Canadian field hockey player

Ronnie Singh Jagday (born March 21, 1978, in Vancouver, British Columbia) is an international Canadian field hockey player, who played his first international match for the Canadian Men's National team in 1998, in Barcelona against Spain. He was a member of Canada's gold-medal winning Pan American Games team in 1999 and went on to represent Canada in the Summer Olympics in 2000.

The midfielder is the son of former Canadian coach and later USA National Men's team Coach Shiv Jagday and credits his father for introducing and teaching him the finer points of the game. He currently works in Finance, with Cisco systems in, San Jose, California.

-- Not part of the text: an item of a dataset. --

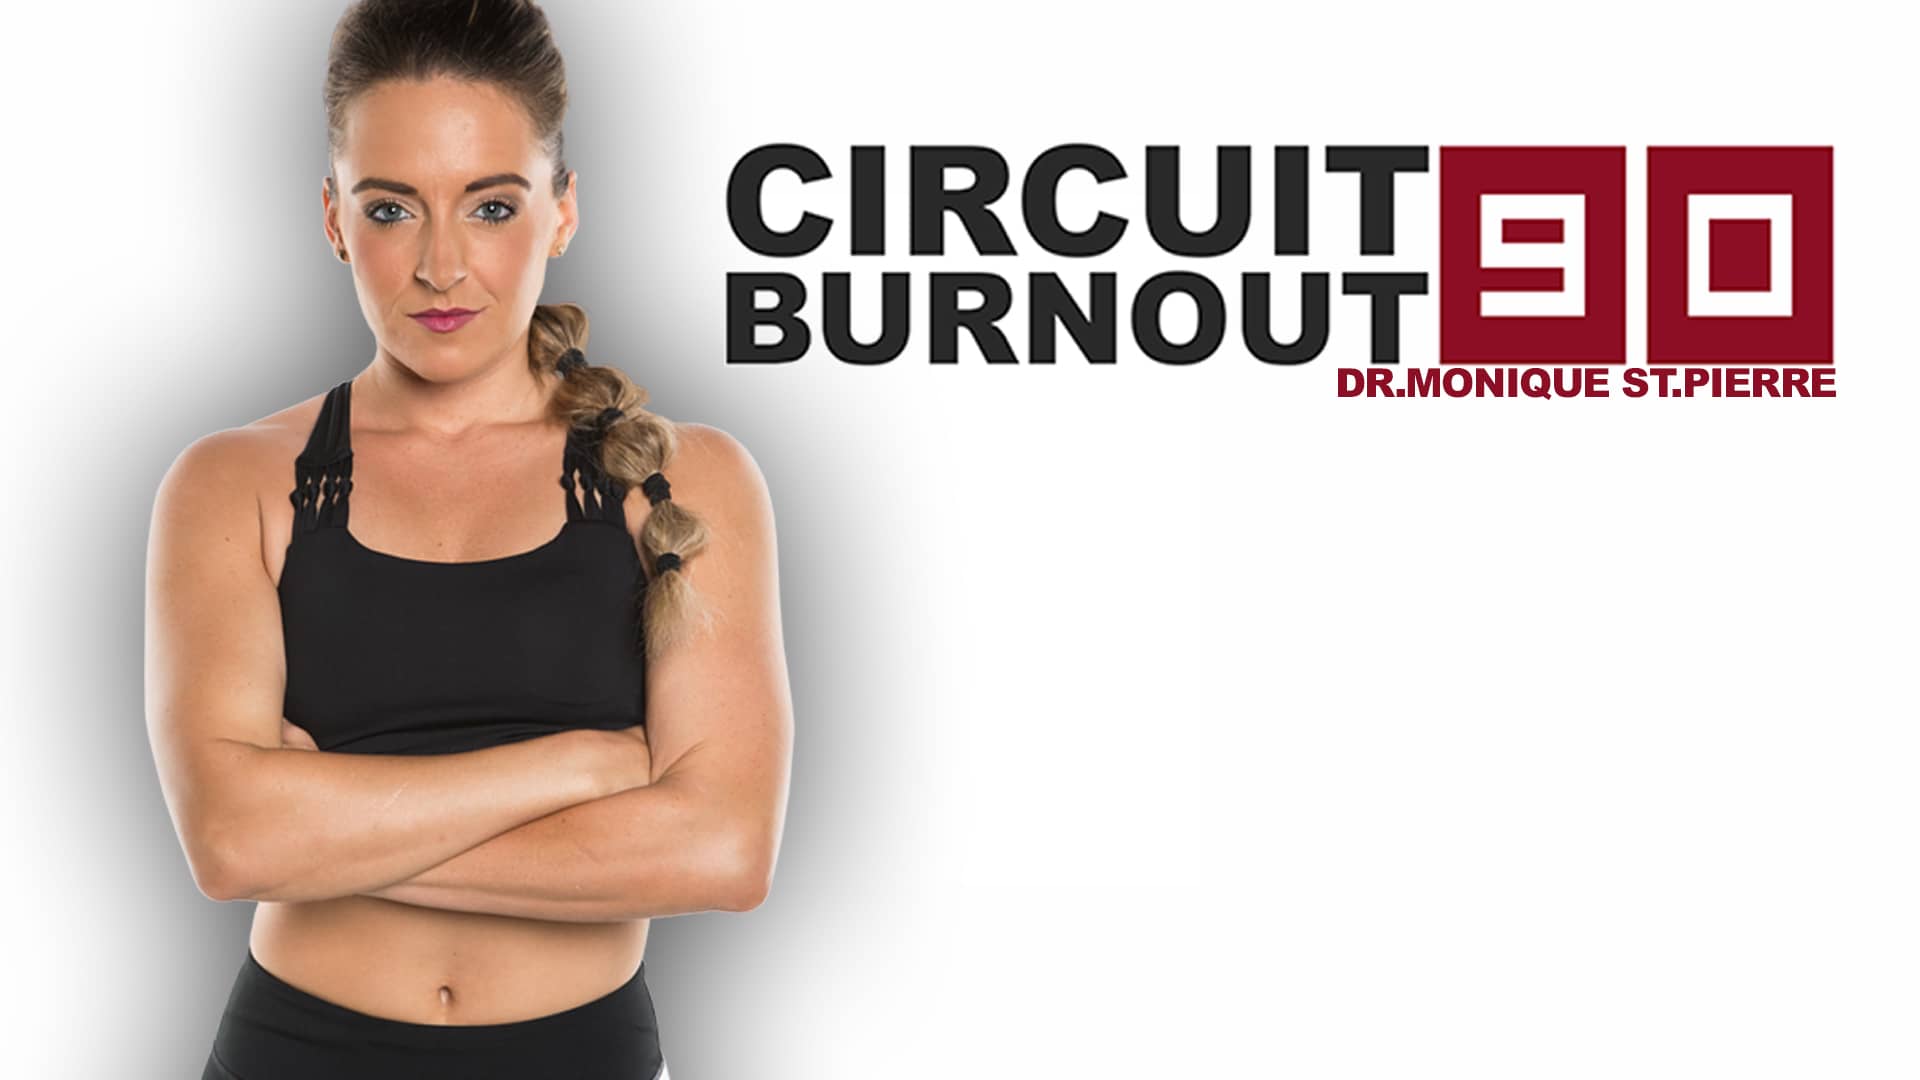 Circuit Burnout 90 Dr.Monique St.Pierre on Vimeo
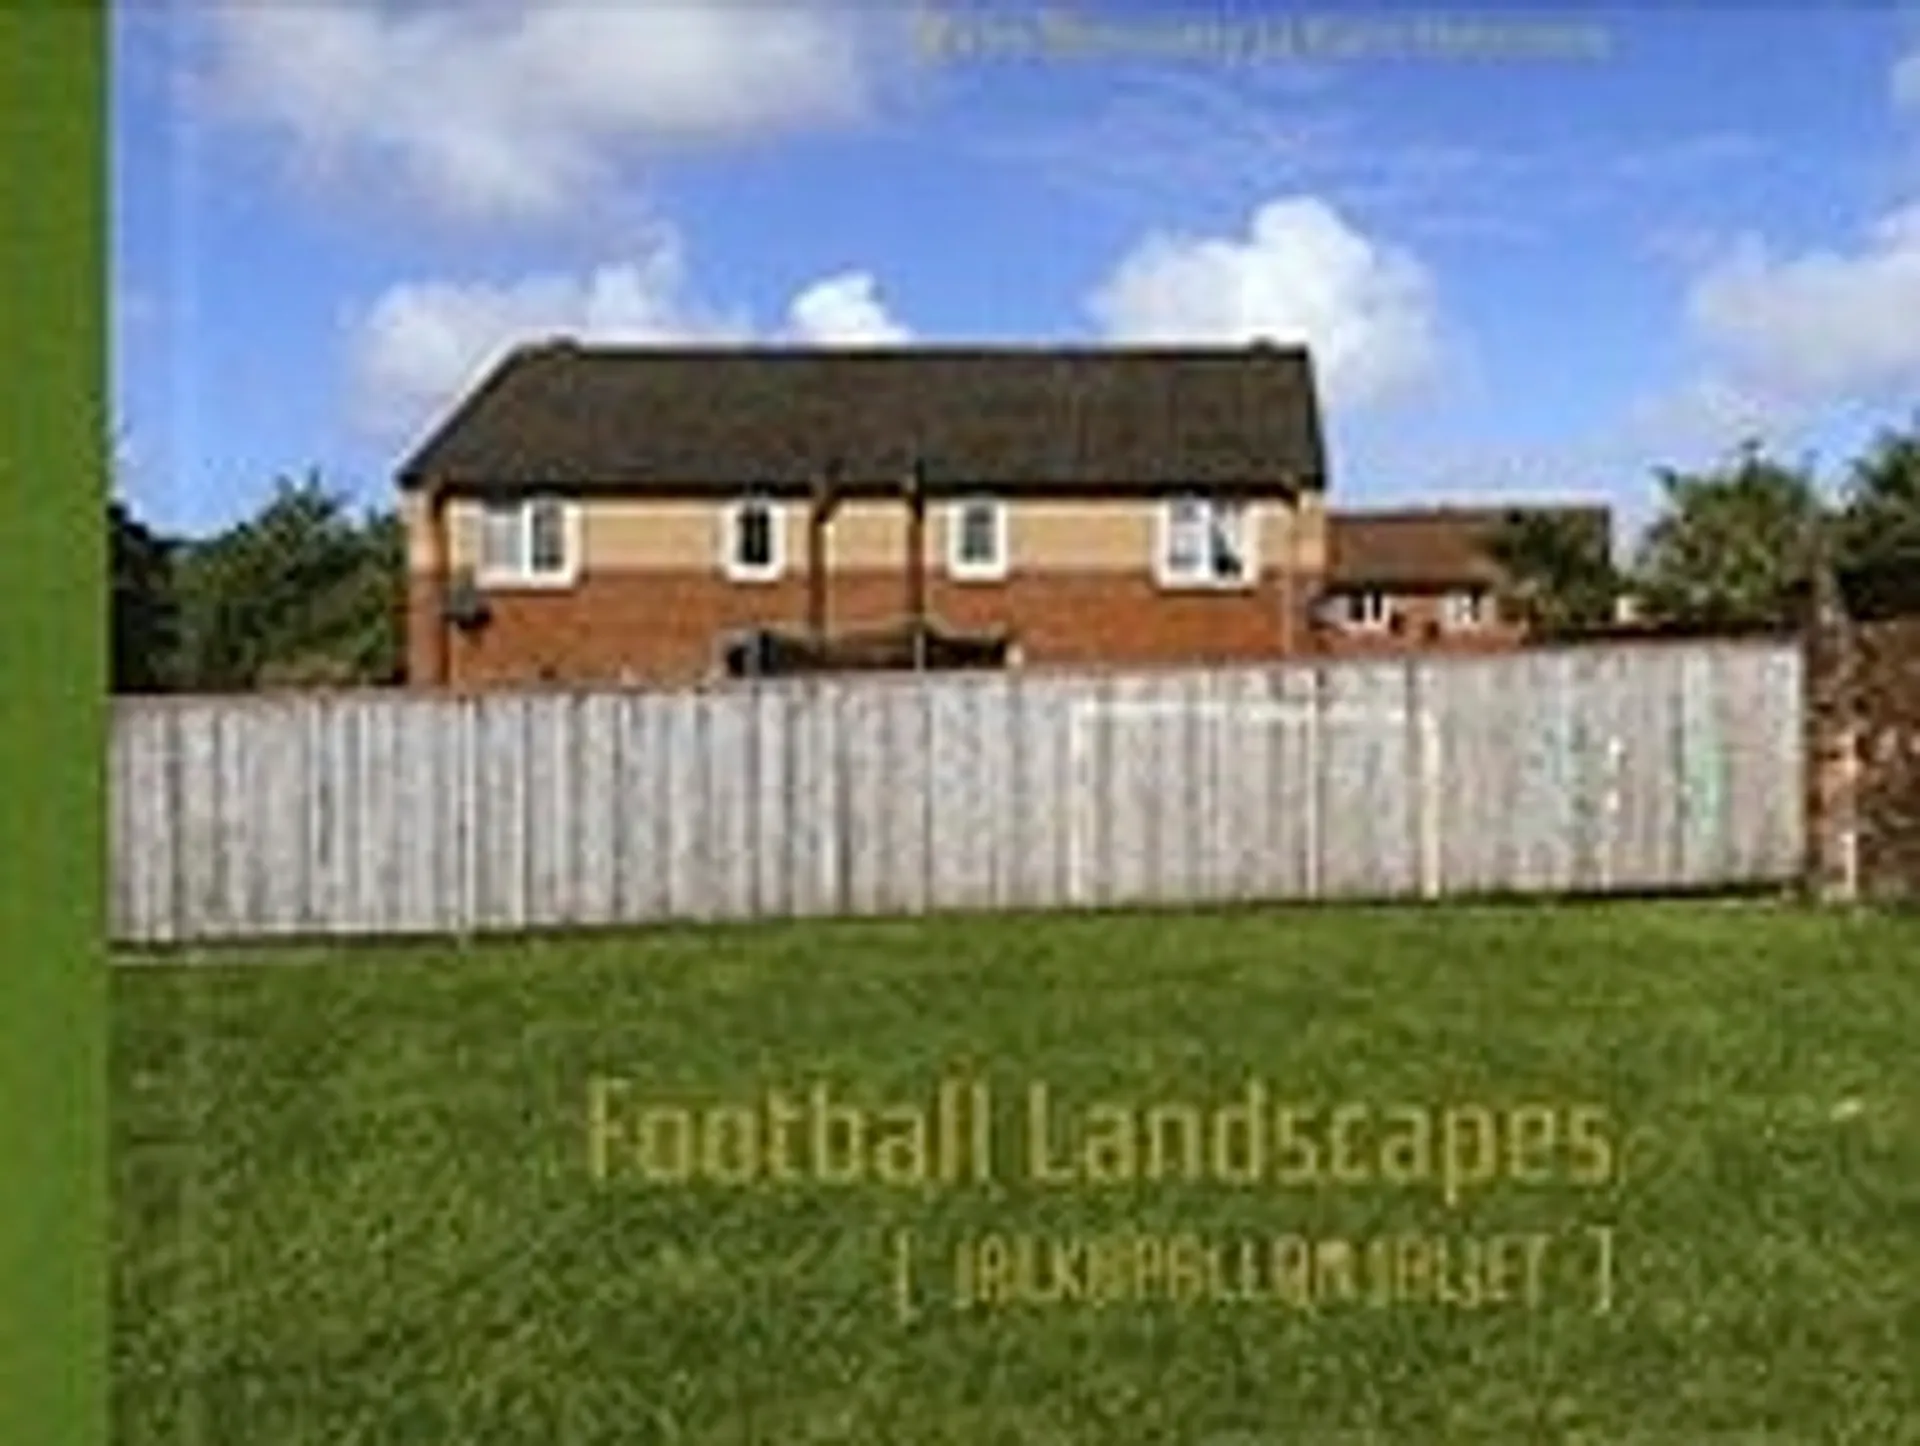 Auerniitty, Football landscapes = Jalkapallon jäljet

==International senior competitions==
- 1998 — World Cup, Utrecht (8th)
- 1998 - Commonwealth Games, Kuala Lumpur (not ranked)
- 1999 - Akhbar El Yom Tournament, Cairo (3rd)
- 1999 - Sultan Azlan Shah Tournament, Kuala Lumpur (4th)
- 1999 - Pan American Games, Winnipeg (1st)
- 2000 - Barcelona 4-Nation Tournament (4th)
- 2000 - Sultan Azlan Shah Tournament, Kuala Lumpur (7th)
- 2000 — Americas Cup, Cuba (2nd)
- 2000 - Olympic Games, Sydney (10th)
- 2001 — World Cup Qualifier, Edinburgh (8th)
- 2003 - Pan American Games, Santo Domingo (2nd)
- 2004 - Olympic Qualifying Tournament, Madrid (11th)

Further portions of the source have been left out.